Towering over the Grand Pier, it dwarfs the big wheel on the boardwalk. See Monster – a disused North Sea gas platform transformed into one of the UK’s largest public art installations – has provoked a heady mix of head scratching, interest and anger on the beach at Weston-super-Mare.
Finally, after delays caused by the vagaries of this summer’s extreme weather (sometimes too hot, sometimes too windy), this weekend visitors are invited to climb aboard.
Patrick O’Mahony, the project’s creative director, accepted that the play would not be to everyone’s liking. “We knew there would be divided opinions. I’d rather people love it or hate it than be indifferent. There’s nothing worse than doing something that people don’t react to.”
The installation is the ninth to be produced as part of the Unboxed: Creativity in the UK series – also known as the Festival of Brexit – which has drawn widespread criticism and ridicule, not least because of the cost of the project: a whopping £120million Pounds for the taxpayers of the four British nations.
O’Mahony said he was sad that Unboxed had been mocked. “We are close to the other nine commissions. Arts and entertainment have had a very tough time and it has been amazing to see this level of investment in the sector. Years of work have gone into these projects. People should be judged by their work.”
People have been judging See Monster since the 450-tonne platform was towed to the city of Somerset in July, transported from the North Sea on a barge larger than a football field. Its size makes it difficult to miss – at 35 meters it is 15 meters taller than the Angel of the North.
Artists, engineers and gardeners have created a 10-meter-tall waterfall depicting the monster’s roar and 6,000 pieces of aluminum that shimmer in the wind like the scales of a mythical animal. The platform’s 16 meter long crane boom is the creature’s neck and head.
Other features include a cloud machine, a garden of trees and grasses, sculptures, and devices that generate renewable energy to power at least part of the installation. BBC Radio’s shipping forecast is broadcast on the helipad at the top, which offers wonderful views of the Somerset, Devon and South Wales hills.
The idea is to provoke conversations on issues such as transforming industrial structures, moving away from fossil fuels, sustainability and the UK weather.
Ironies abound. Last but not least, the fact that renewable energy is a key theme at this state-subsidized facility – but UK Business Secretary Jacob Rees-Mogg has made it clear he wants to get “every last cubic centimeter of gas” out of the North Sea with platforms like this.
Ella Gilbert, climate scientist at British Antarctic Survey and advisor to See Monster, would not criticize the UK government directly, but said: “The science is very clear. We need to get off fossil fuels. We need to drastically increase our ambition on climate change. This is a creative way of showing how we do it.”

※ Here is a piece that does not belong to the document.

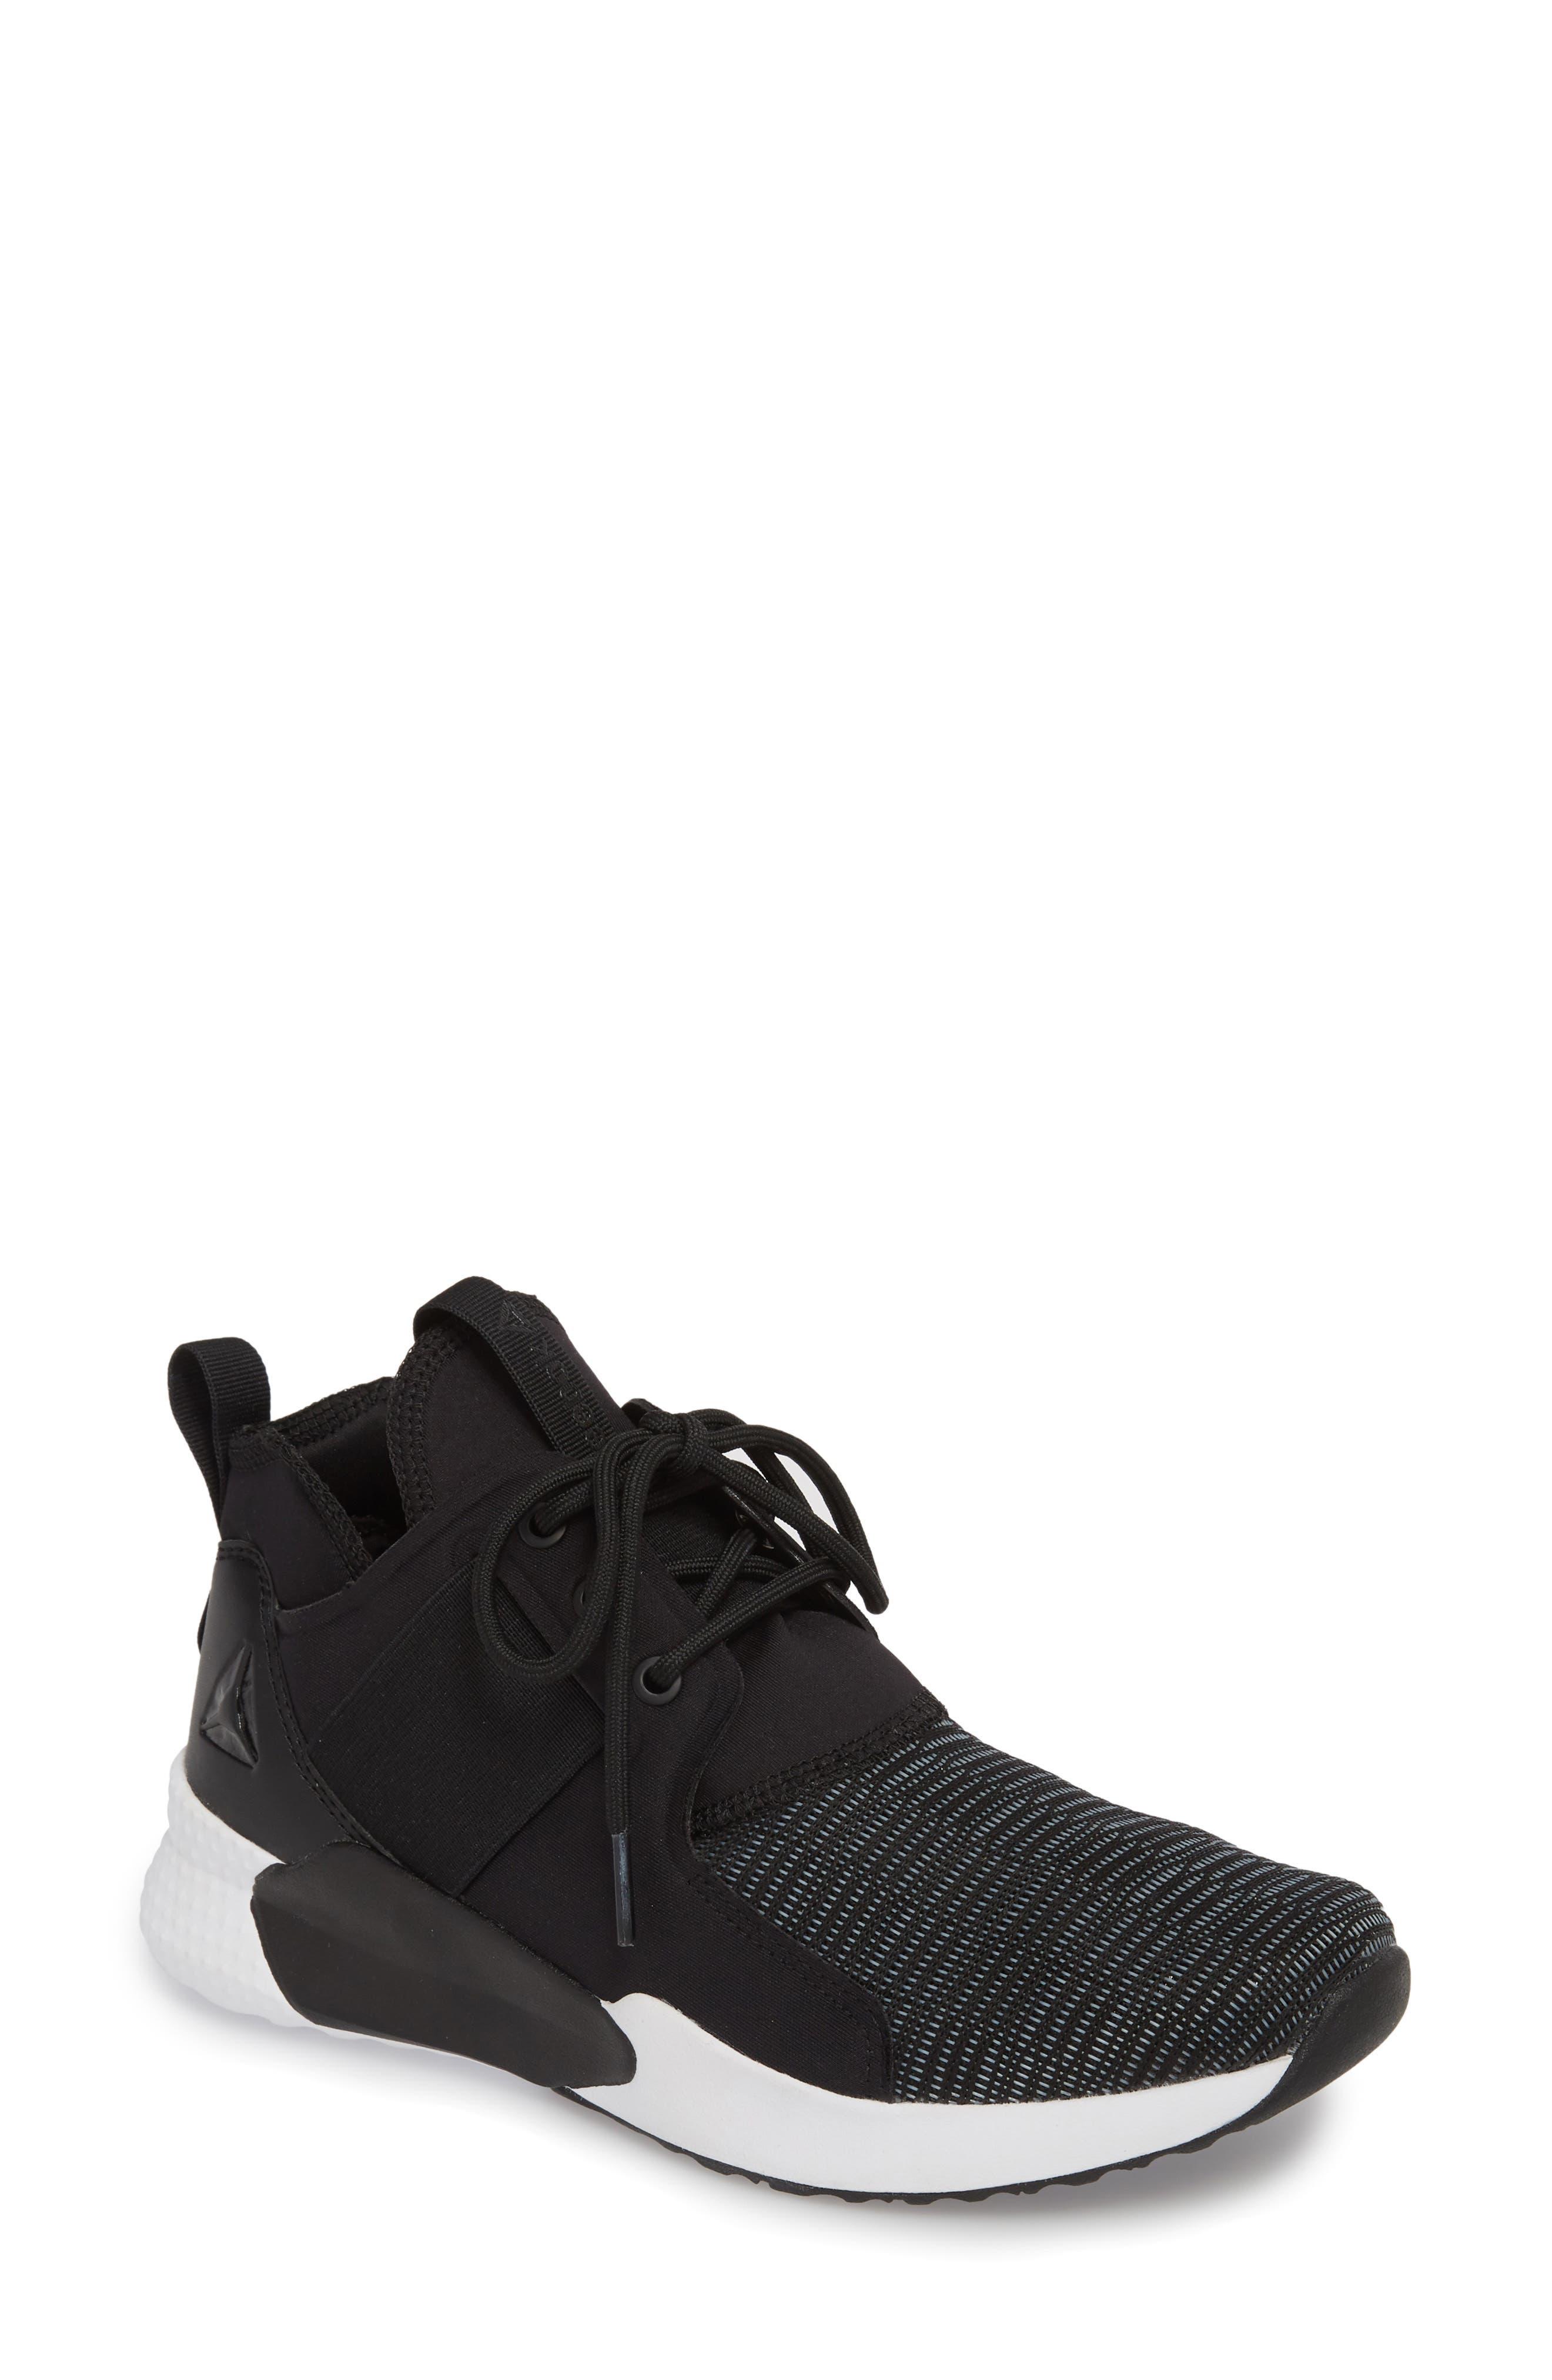 Guresu 1.0 High Top Sneaker,                         Main,                         color, Black/ White

Another irony is that while sustainability is another issue, See Monster’s stay in Weston will be very brief. There are concerns that its massive presence could have a negative impact on the wading birds that winter here, so it will close in early November.
New houses for the plants and the artwork are found, but the platform itself is cut up and the pieces hauled away for recycling. The creators insist that while their monster will disappear, the lessons they’ve learned will be used by people around the world to turn disused platforms into art installations, hotels or diving platforms.
Until it goes away, it’s hoped that See Monster will give Weston the same boost it did to Banksy’s Dismaland – a twisted version of Disneyland – in 2015.
“It brought a different kind of tourist to Weston,” said Walter Byron, who serves as the host of See Monster. “I want it to stay and build a restaurant upstairs.”
A second host, Sarah Windall, who also works as a teaching assistant, said: “There was a lot of skepticism. Some people complain that the money for it comes from their taxes, but I think it’s a smart way to see the future through art.”
Elaine Day, a Weston resident who celebrated her 76th birthday with a trip to see how work was progressing, was among the onlookers who watched as the finishing touches were put on the monster.
“It’s something different,” she said. “I think it’s good for the city. People come here on their vacations and say, ‘What’s that thing up there?’ It puts Weston on the map.”